Circulator Pump Orientation
Circulator pump should be oriented so that its motor shaft is horizontal. It is preferable to install the circulator pumps in a vertical pipe pumping upwards. This position ensures that the pump shaft is horizontal, which reduces the thrust bearing load and ensures positive air purging from both the rotor chamber and impeller housing.
Pumping downwards in a vertical pipe is not recommended as this may lead to air locking of the pump, with resultant loss of performance. However, pumping downwards is acceptable provided an effective air vent is incorporated in the system, before the pump.
Where pumps can only be installed in horizontal pipework, it is imperative that the pump shaft is horizontal, or slightly higher at the vent plug end.
The shaft must not fall below the horizontal plane, even by a few degrees, as this causes premature wear of the top bearing and shaft.
Pumps should not be installed with the shaft in a vertical plane, as this may lead to dry running of the top bearing, noise and possible pump failure.
To avoid cavitation noise and risk of damage to the bearings the minimum pump inlet pressure should be 1.4m at 82°C (water temperature).
Increases in air entrainment more than 1.5 to 2 percent will have immediate and deleterious effects on the pump from both an immediate performance aspect and a mechanical aspect in a protracted way.
As air bubbles become trapped at the pump suction, they block the fluid flow, and the pump performance will drop off.

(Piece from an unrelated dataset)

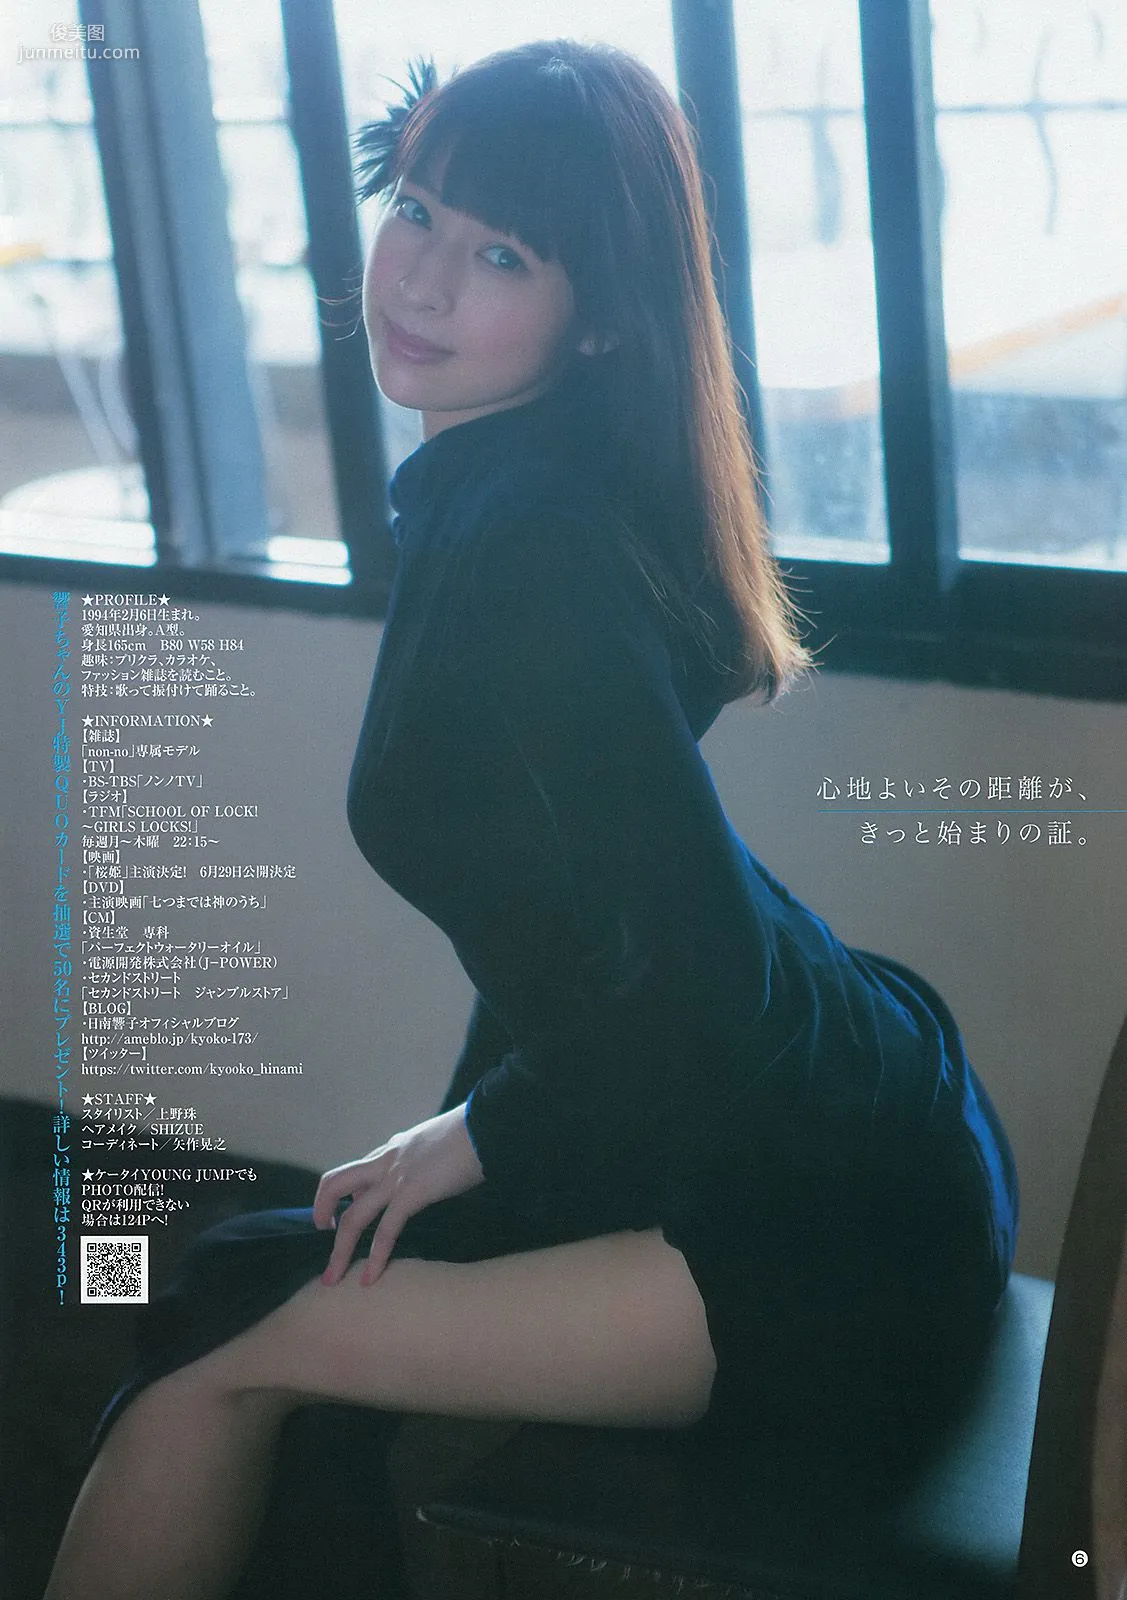 日南響子 中村静香 ギャルコン準グランプリガールズ [Weekly Young Jump] 2013年No.19 写真杂志7

The flow rate will decrease, the developed head will drop off, and the efficiency will decline. Air entrainment even at values as low as 2 to 4 percent will cause increased pump vibration, which leads directly to premature bearing failure. Vibration is frequently caused by the unbalanced hydraulic loads on the impeller due to partial air blockage.
The unvented air also collects in the seal chamber (standard stuffing box configurations) to create air pockets that cause dry running of the shafts. Dry/non-lubricated shafts operation contributes to shortened life and ultimate failure.

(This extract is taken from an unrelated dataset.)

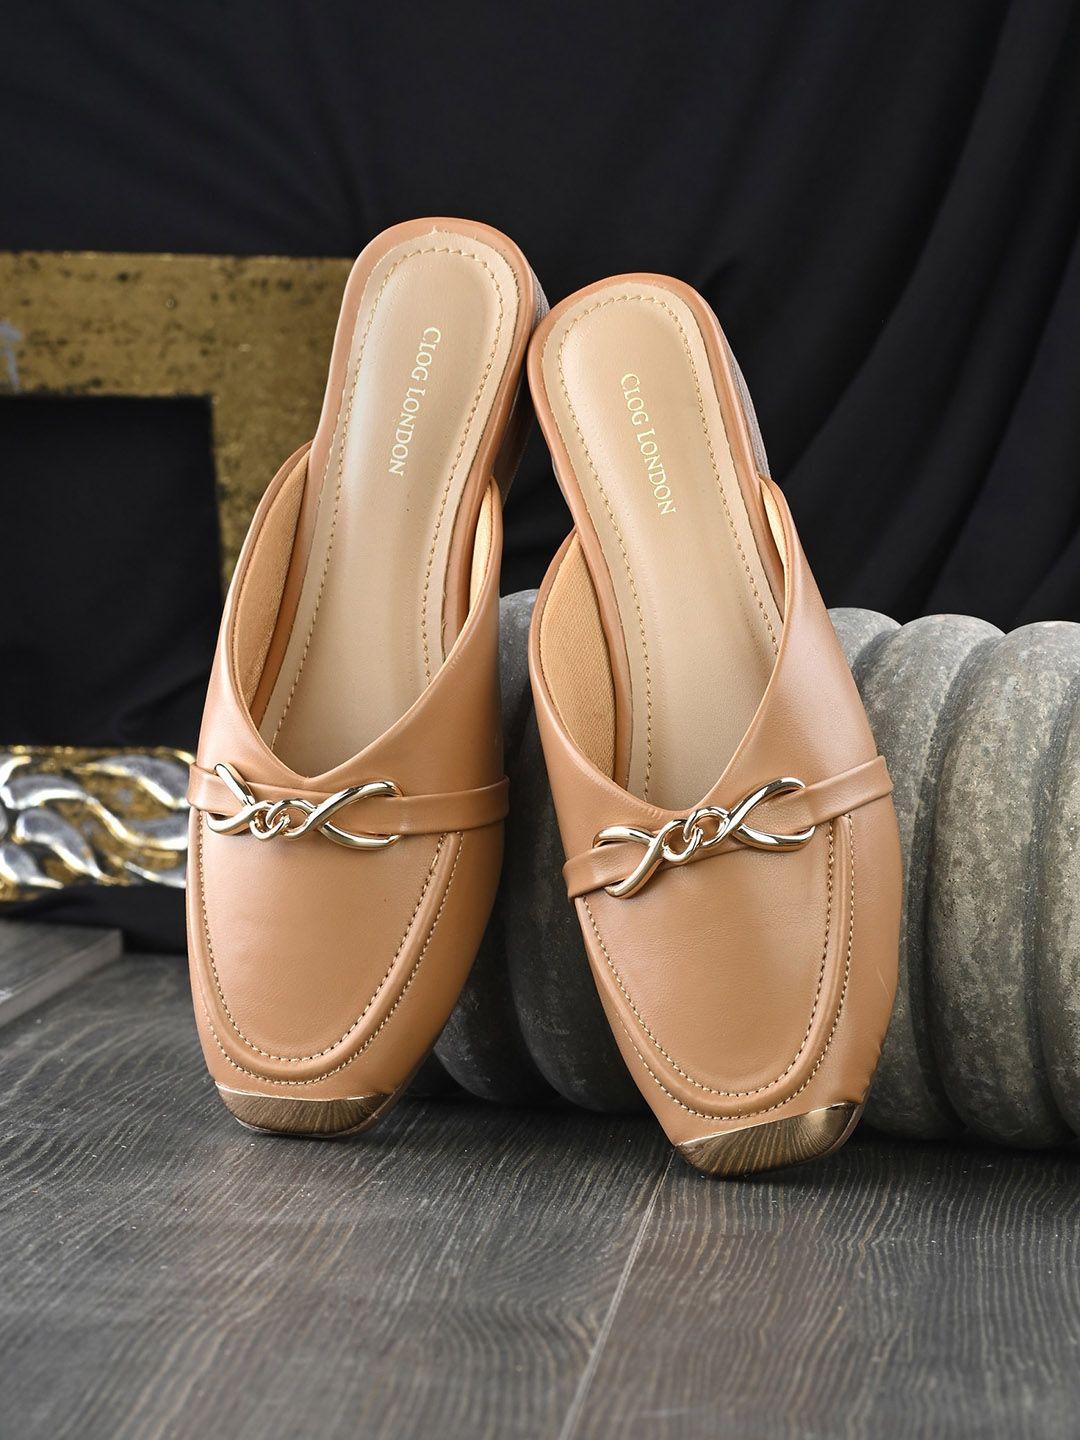 clog london embellished comfort heels mules

Air entrainment is one of the major contributors to broken pump shafts because of the hydraulic surging and axial shuttling that occurs from a pump that is stalled one second (no load) and pumping the next (full load) in an endless and unintended “go to” loop of stress fatigue cycling.
Air entrainment also introduces unwanted free oxygen into the system, which is the major component in both general and chloride stress corrosion formulas, just to name two types.
Air entrainment at 2 percent will reduce pump performance by up to 12 percent. At 4 percent, it will reduce pump performance by 40 percent and at 10 percent, it will likely stall the pump altogether.
The potential reason that can cause the rapid wear of circulator pumps is not only one. Basically to get optimum abrasive wear resistance, we should use ceramic shafts & bearings combination. To reduce the wear, we should make sure the shaft is horizontal while installing the pump, and vent the air in pump systems before use the pump.